Items from a data source
.....

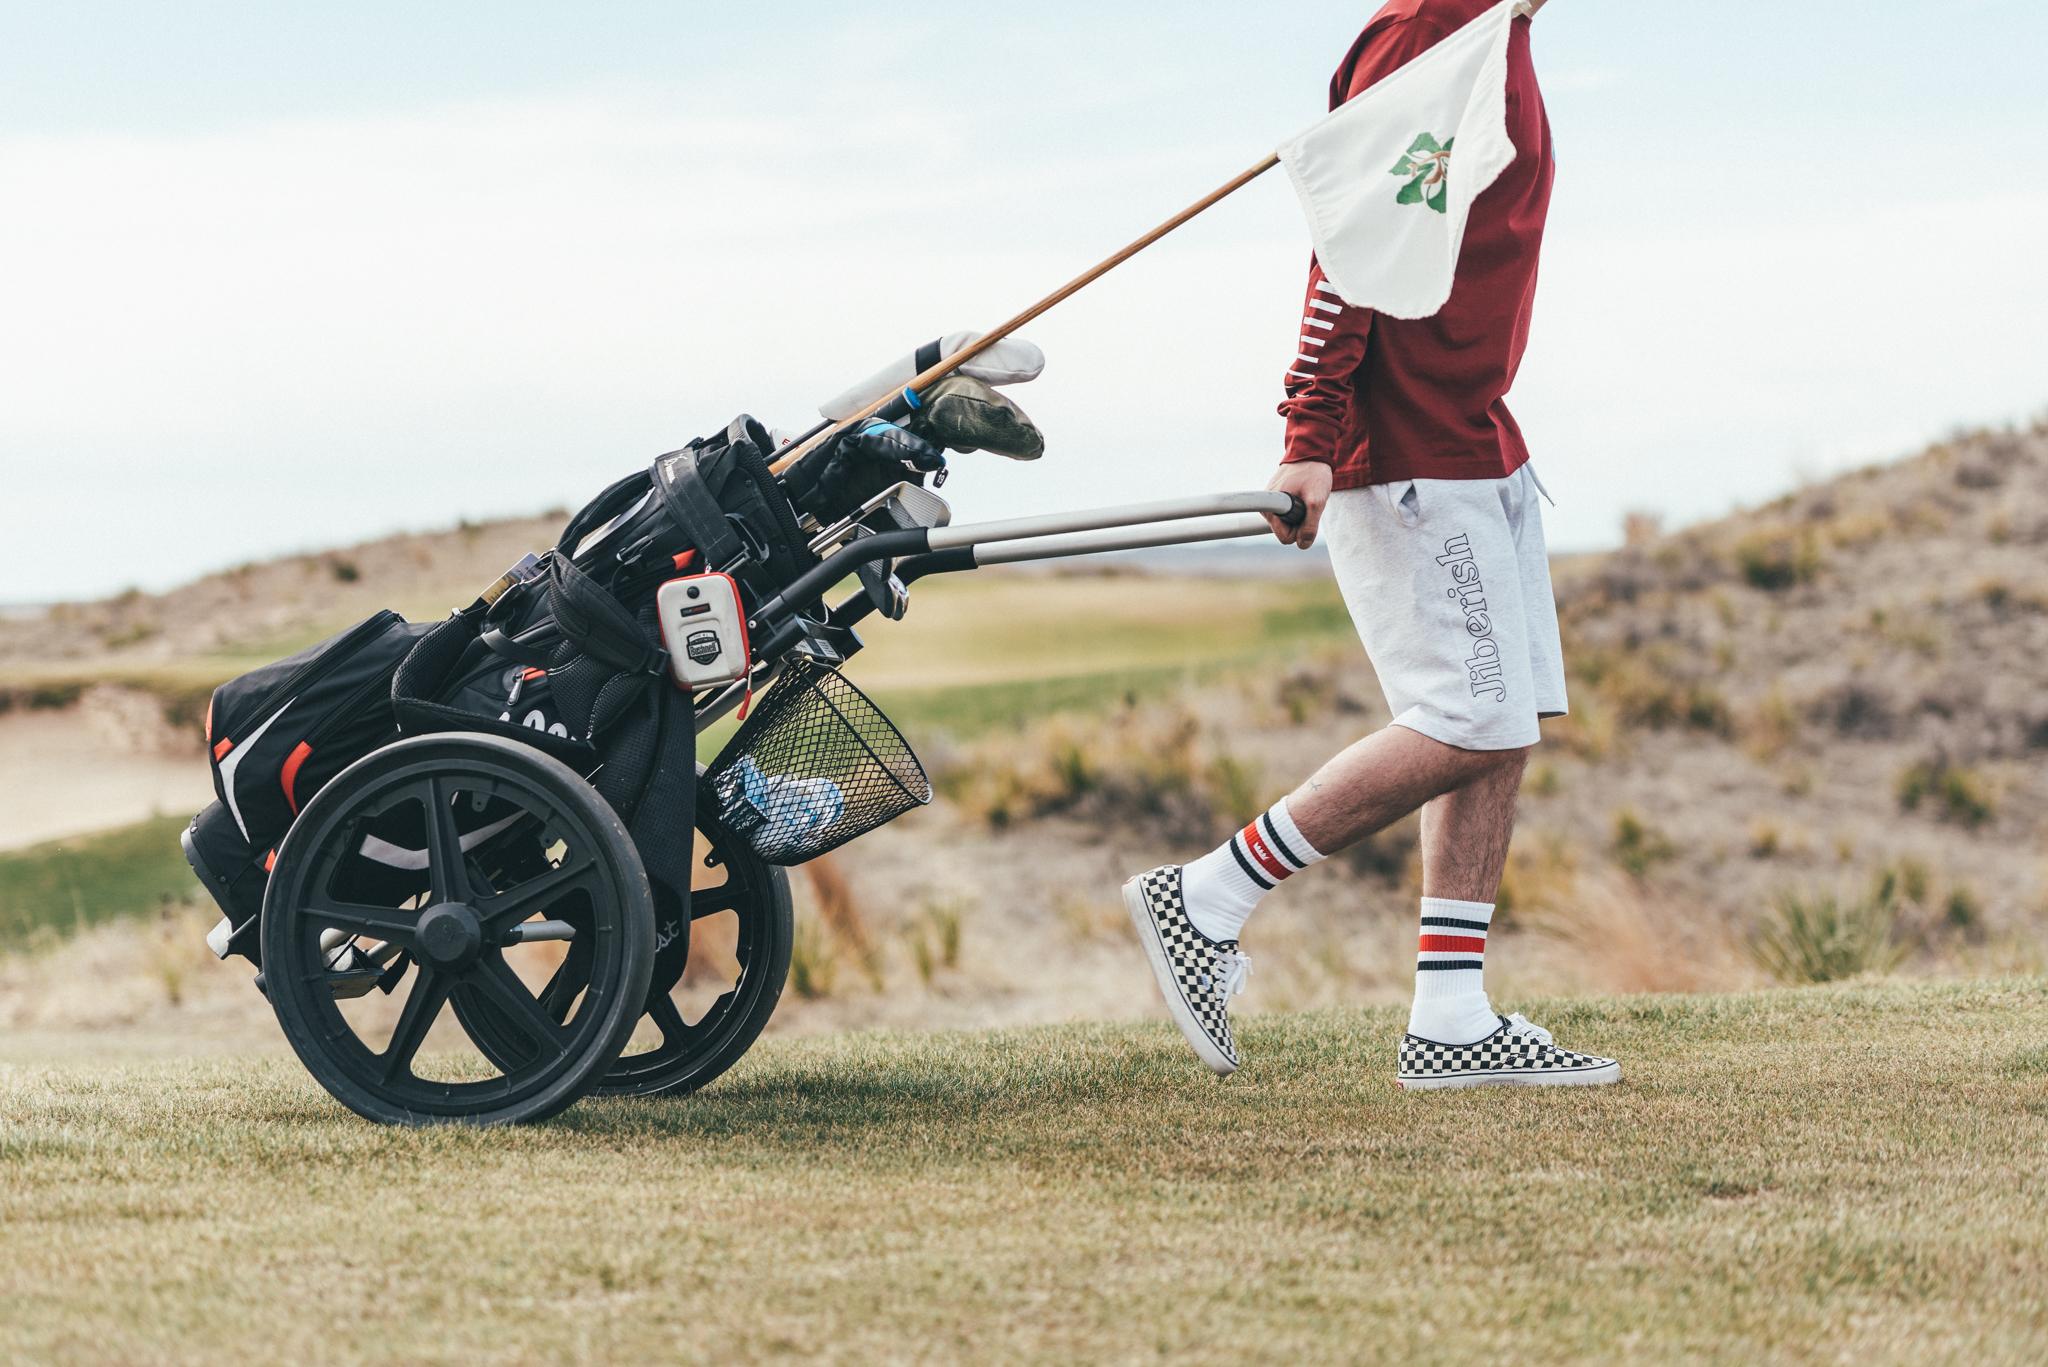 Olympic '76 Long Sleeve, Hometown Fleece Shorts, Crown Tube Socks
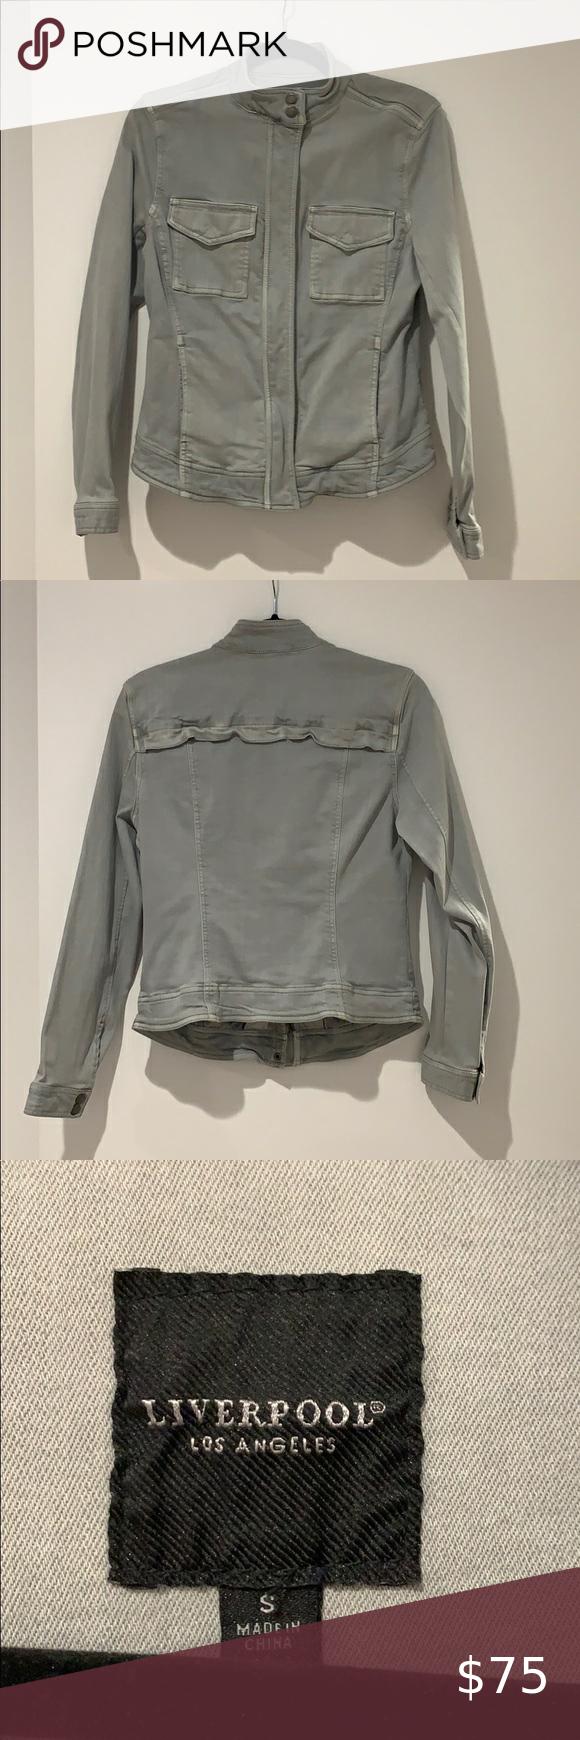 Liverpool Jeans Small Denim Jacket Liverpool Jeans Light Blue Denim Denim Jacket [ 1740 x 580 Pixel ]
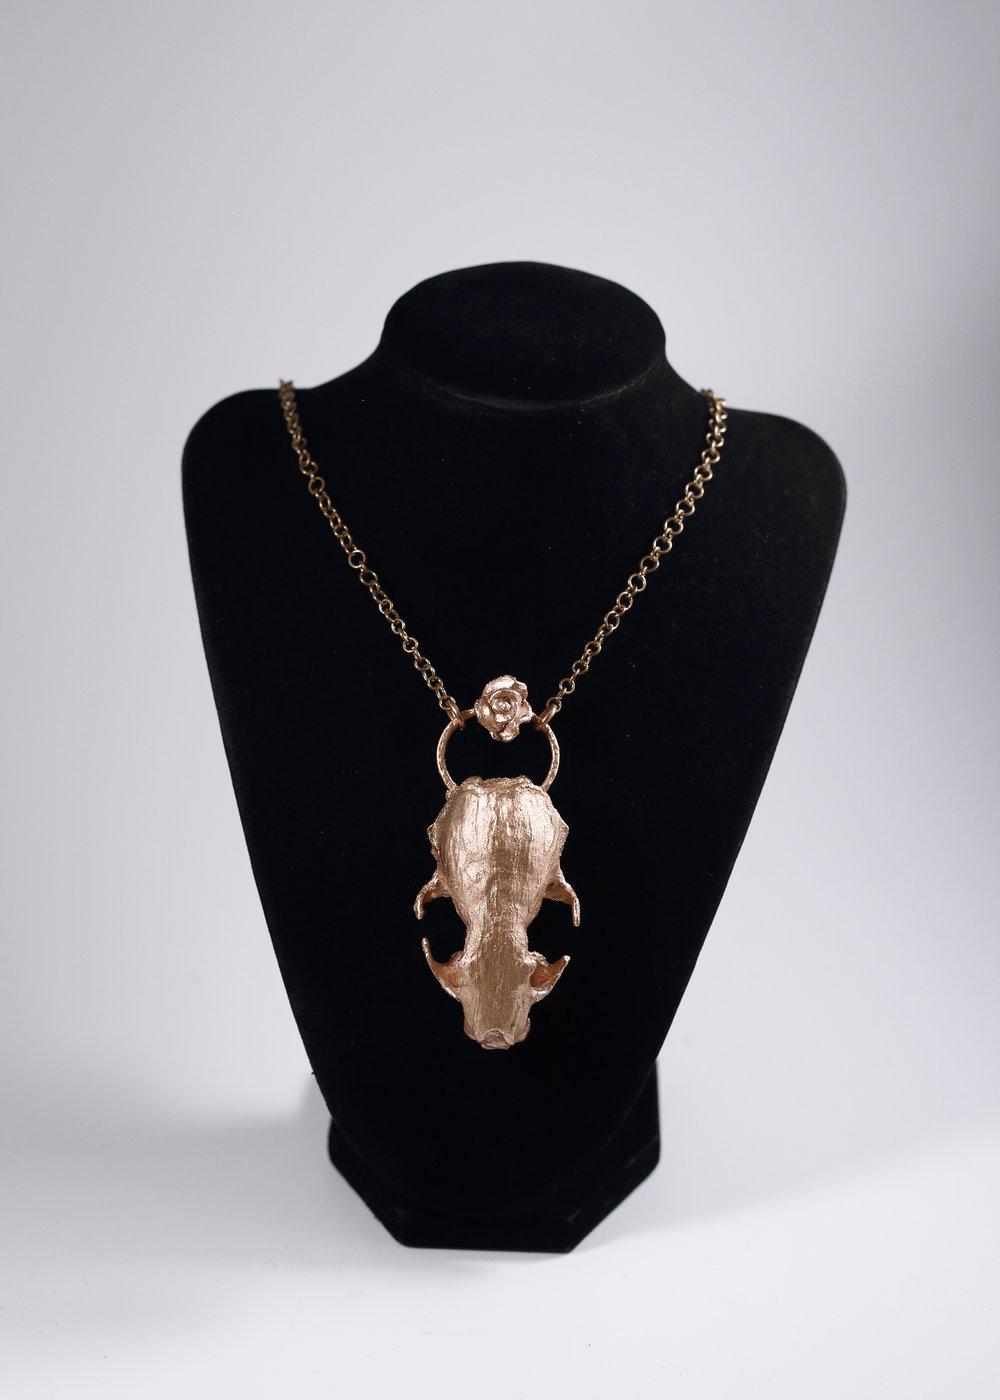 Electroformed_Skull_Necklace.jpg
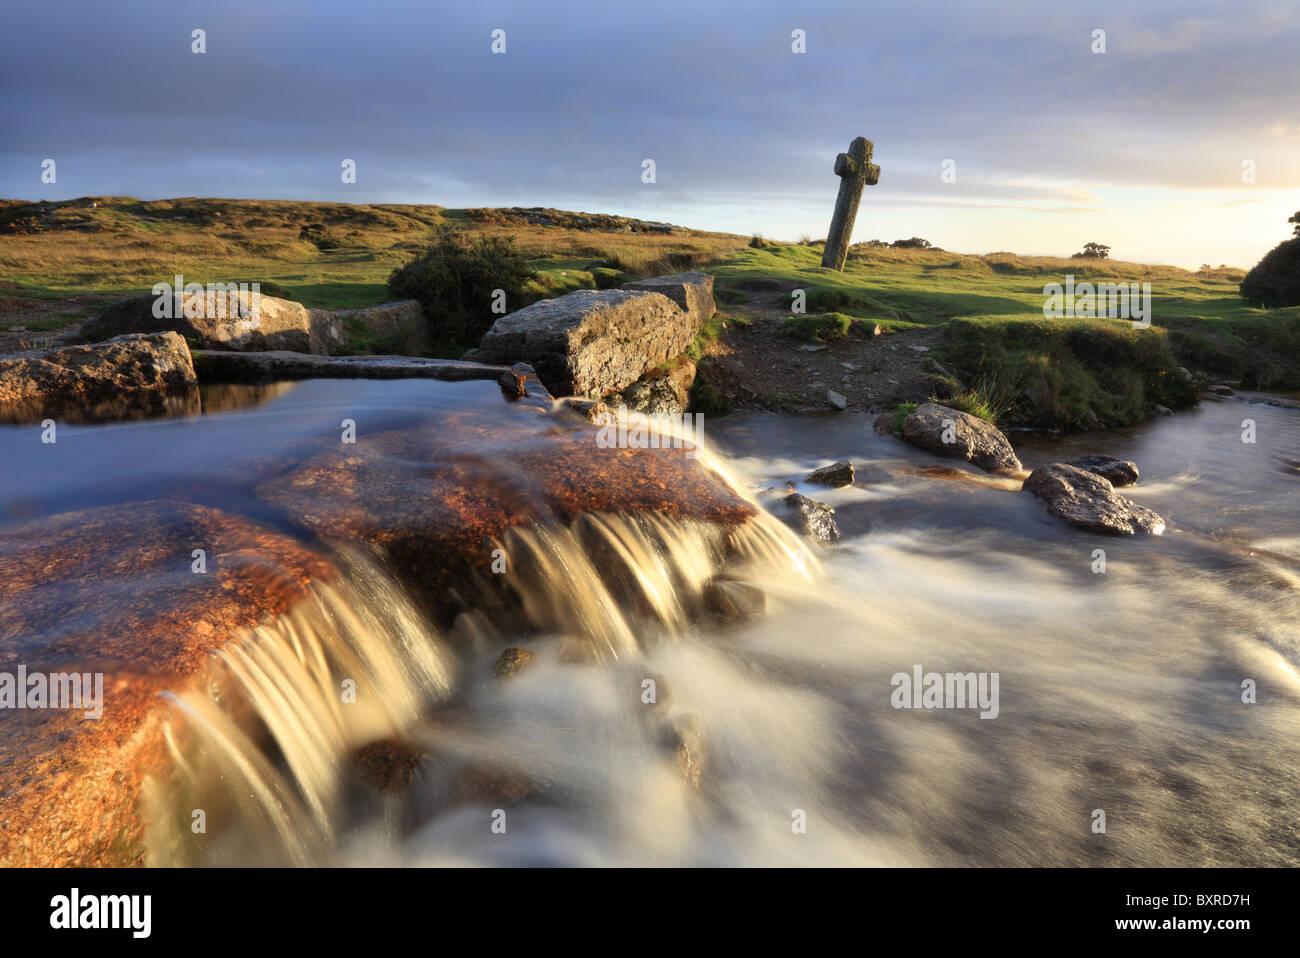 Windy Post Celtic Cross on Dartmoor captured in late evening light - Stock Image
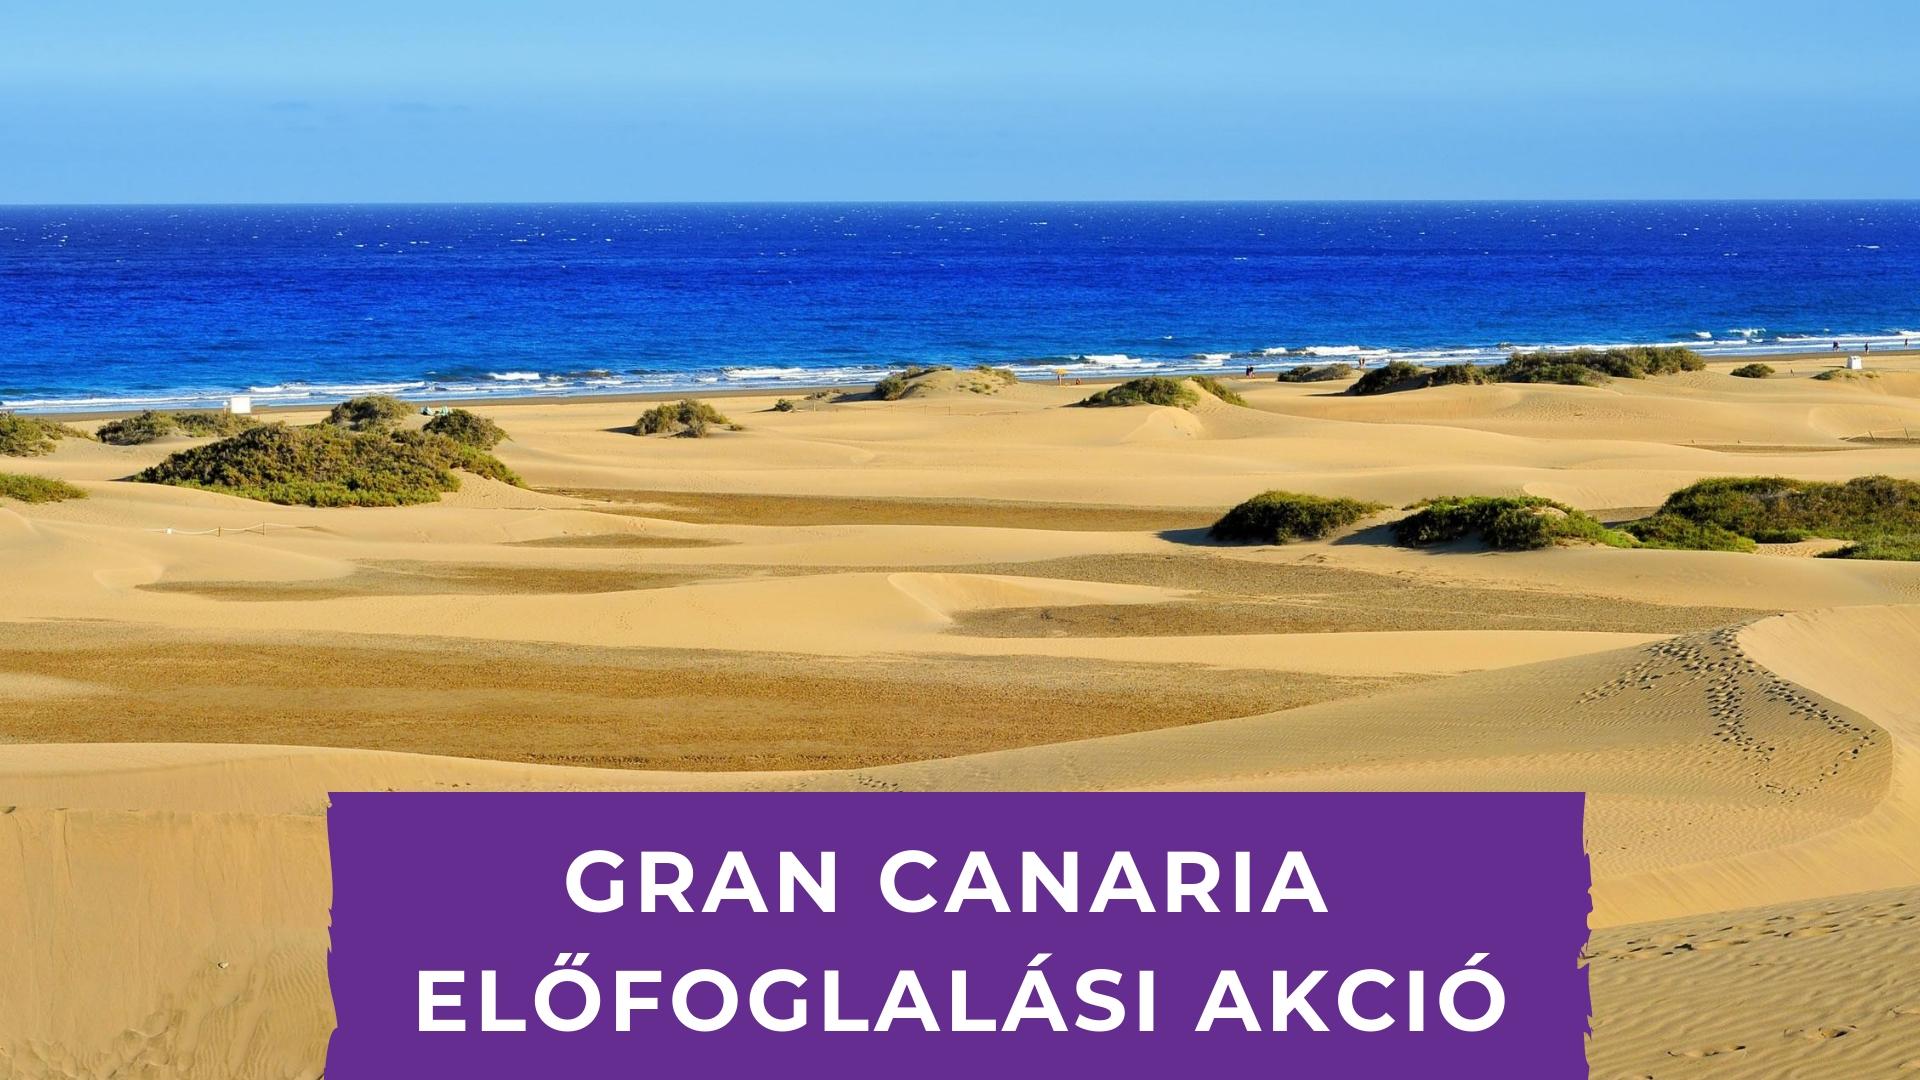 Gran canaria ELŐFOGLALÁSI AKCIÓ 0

.....

— WHAT YOU NEED TO DO —
An exact copy of the lines from the one with "Electroformed_Skull_Necklace.jpg" through the last line of the records, inclusive, is required, with all pictures left out.

— YOUR RESPONSE —
 Electroformed_Skull_Necklace.jpg
 Windy Post Celtic Cross on Dartmoor captured in late evening light - Stock Image
 Gran canaria ELŐFOGLALÁSI AKCIÓ 0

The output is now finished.